NOTES TO CONDENSED CONSOLIDATED FINANCIAL STATEMENTS
(UNAUDITED)
NOTE 1 - THE COMPANY AND SUMMARY OF SIGNIFICANT ACCOUNTING POLICIES:
THE COMPANY
L Q Corporation, Inc. was incorporated in California as "Liquid Audio,
Inc." in January 1996 and reincorporated in Delaware in April 1999. In July
1999, we completed our initial public offering of common stock. Our Board of
Directors (the "Board") received stockholder approval on July 30, 2003 to change
our name to "L Q Corporation, Inc." Our name was formally changed on January 7,
2004. Our principal executive offices are located at 888 Seventh Avenue, 17th
Floor, New York, NY 10019, and our telephone number is (212) 974-5730.
Through January 2003, we provided an open platform that enabled the
digital delivery of media over the Internet.

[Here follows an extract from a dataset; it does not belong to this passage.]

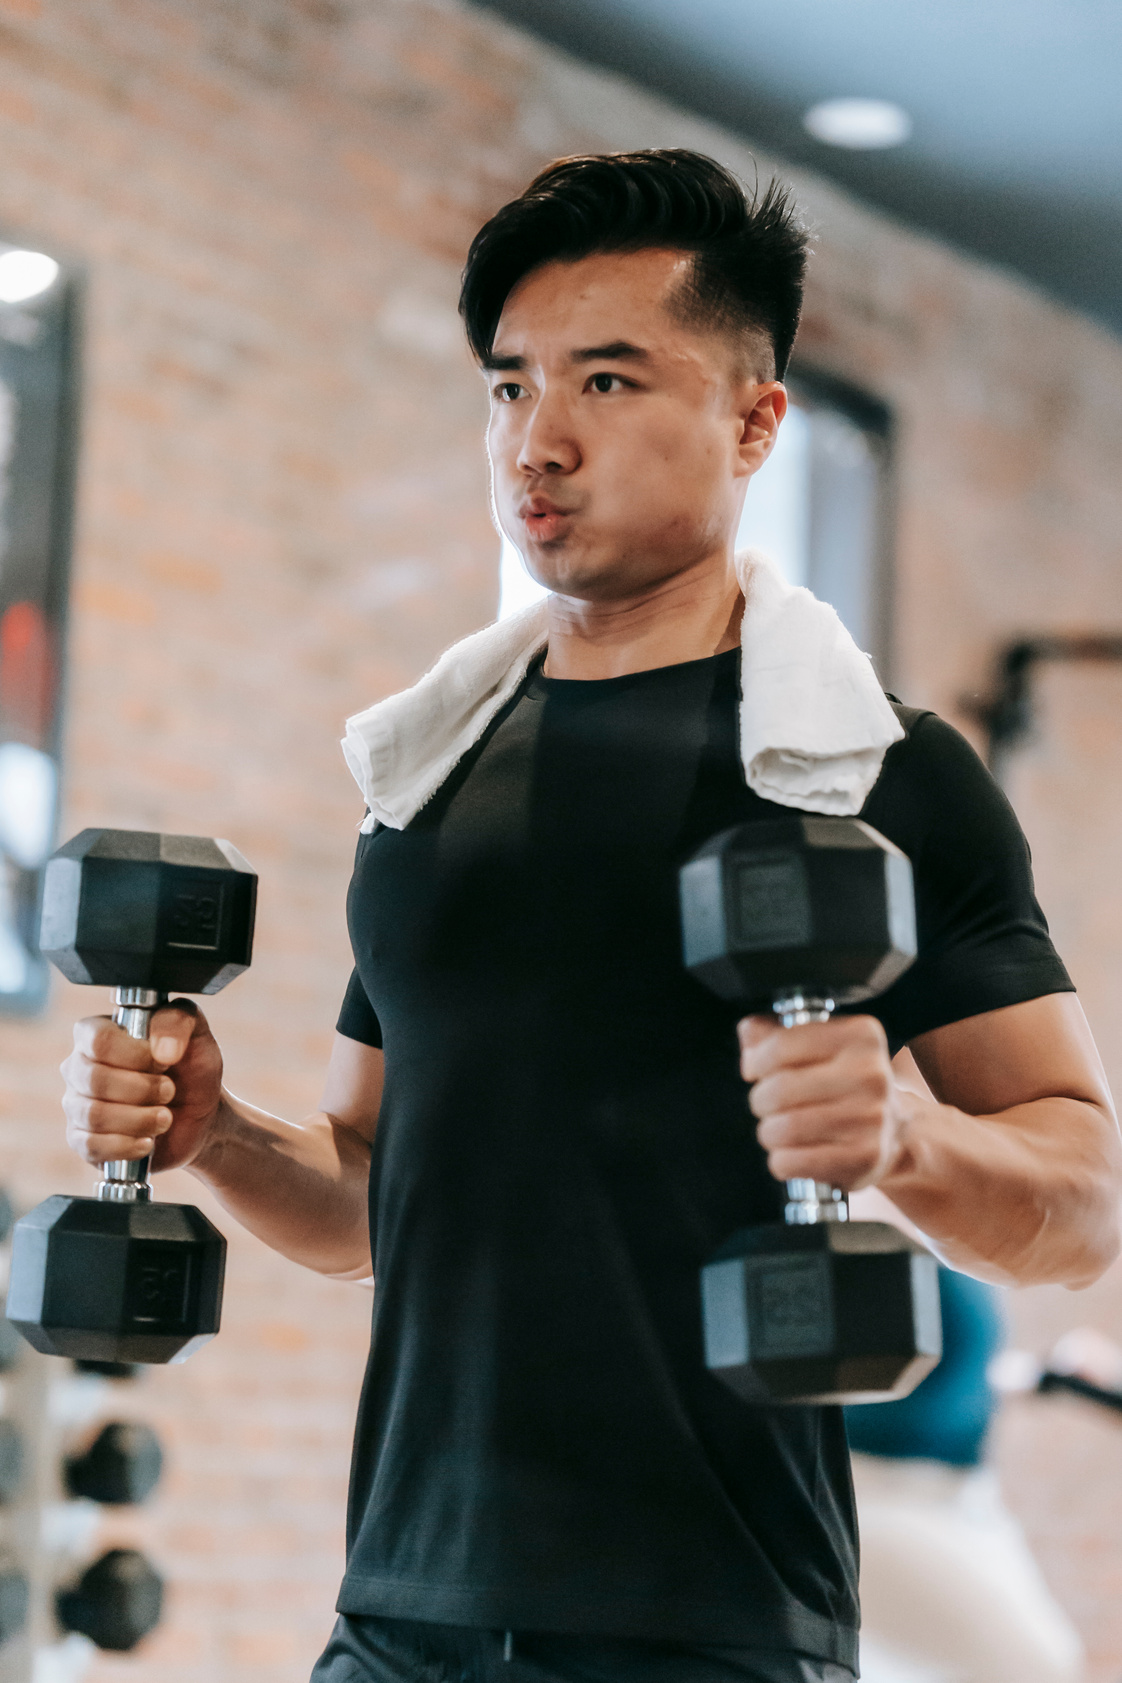 Muscular Asian man working out heavy weights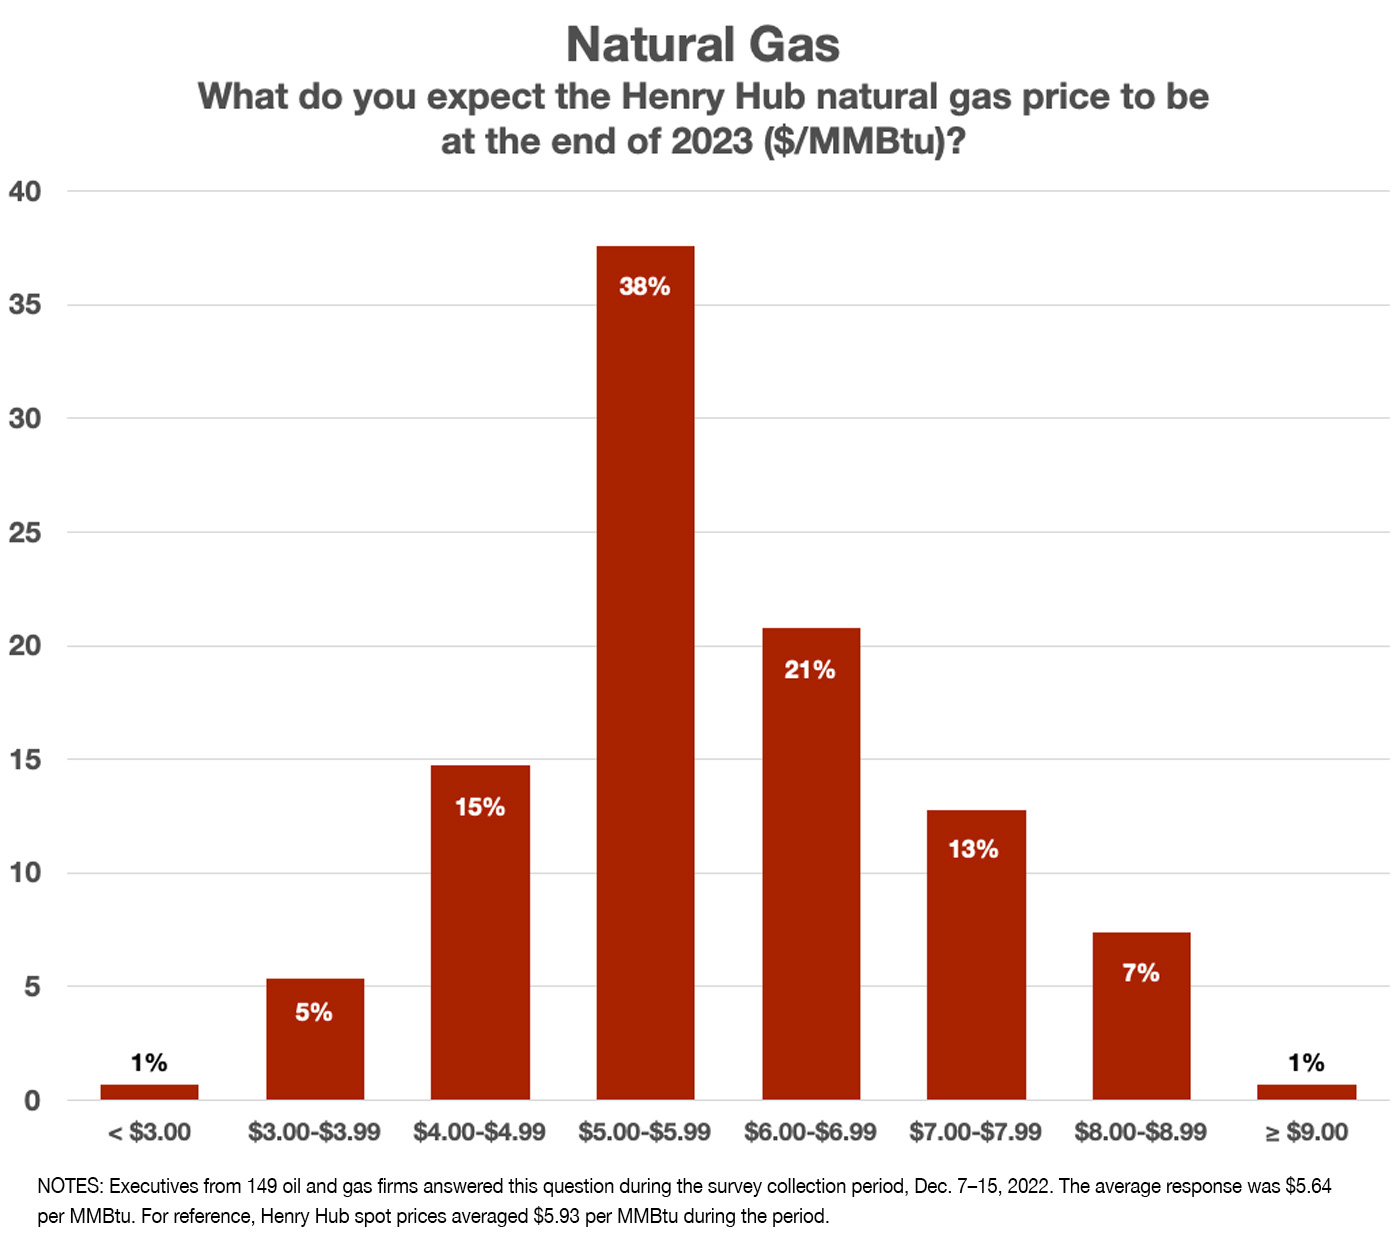 Expected Natural Gas Prices

Since January 2003, we have not operated any business and have been
settling our remaining claims and liabilities while reviewing alternatives for
the use or disposition of our remaining assets. We intend to pursue other
business opportunities and investments unrelated to the downloading of digital
music. Neither our Board nor our stockholders have yet approved any such
opportunities. If we are unable to find any suitable business opportunities
and/or investments, we may pursue a plan of complete liquidation and
dissolution. If a complete liquidation and dissolution is approved, pursuant to
Delaware General Corporation Law, we will continue to exist for three years
after the dissolution becomes effective or for such longer period as the
Delaware Court of Chancery shall direct, for the purpose of prosecuting and
defending suits against us and enabling us gradually to close our business, to
dispose of our property, to discharge our liabilities and to distribute to our
stockholders any remaining assets.
We entered into a Settlement Agreement and Mutual Release on February
12, 2004 with BeMusic, Inc. ("BeMusic") which finally resolved all matters
between BeMusic and us with respect to the litigation matter with SightSound,
Inc. ("SightSound") alleging that certain former customers of ours (which have
since merged into BeMusic) infringed certain patents of SightSound. Under the
terms of this Agreement, we paid approximately $1,452,000 to BeMusic as
settlement expenses and approximately $314,000 in legal fees relating to the
SightSound litigation. These payments were in addition to $335,827 previously
paid by us for our share of attorney fees incurred in connection with this
matter.
At our September 29, 2003 meeting of our stockholders, our stockholders
approved amendments to our certificate of incorporation to effect a 1-for-250
reverse stock split, to be followed immediately by a 35-for-1 forward stock
split (collectively, the "Reverse/Forward Stock Split"), as well as a reduction
in the number of common shares authorized for issuance from 50,000,000 shares to
30,000,000 shares (the "Share Reduction"). On June 7, 2004, we filed amendments
necessary to implement the Reverse/Forward Stock Split and the Share Reduction,
which took place on July 26, 2004 with an effective date as of June 8, 2004. All
weighted average and earnings per share amounts have been restated to reflect
the retroactive effect of the Reverse/Forward Stock Split.
Our common stock is reported currently on The Nasdaq OTC Bulletin
Board. Our common stock was traded on The Nasdaq National Market, but was
delisted on June 5, 2003. The market price per share of our stock increased
significantly following the implementation of the Reverse/Forward stock split.
The market price of our common stock as of March 17, 2005 was $1.67 per share.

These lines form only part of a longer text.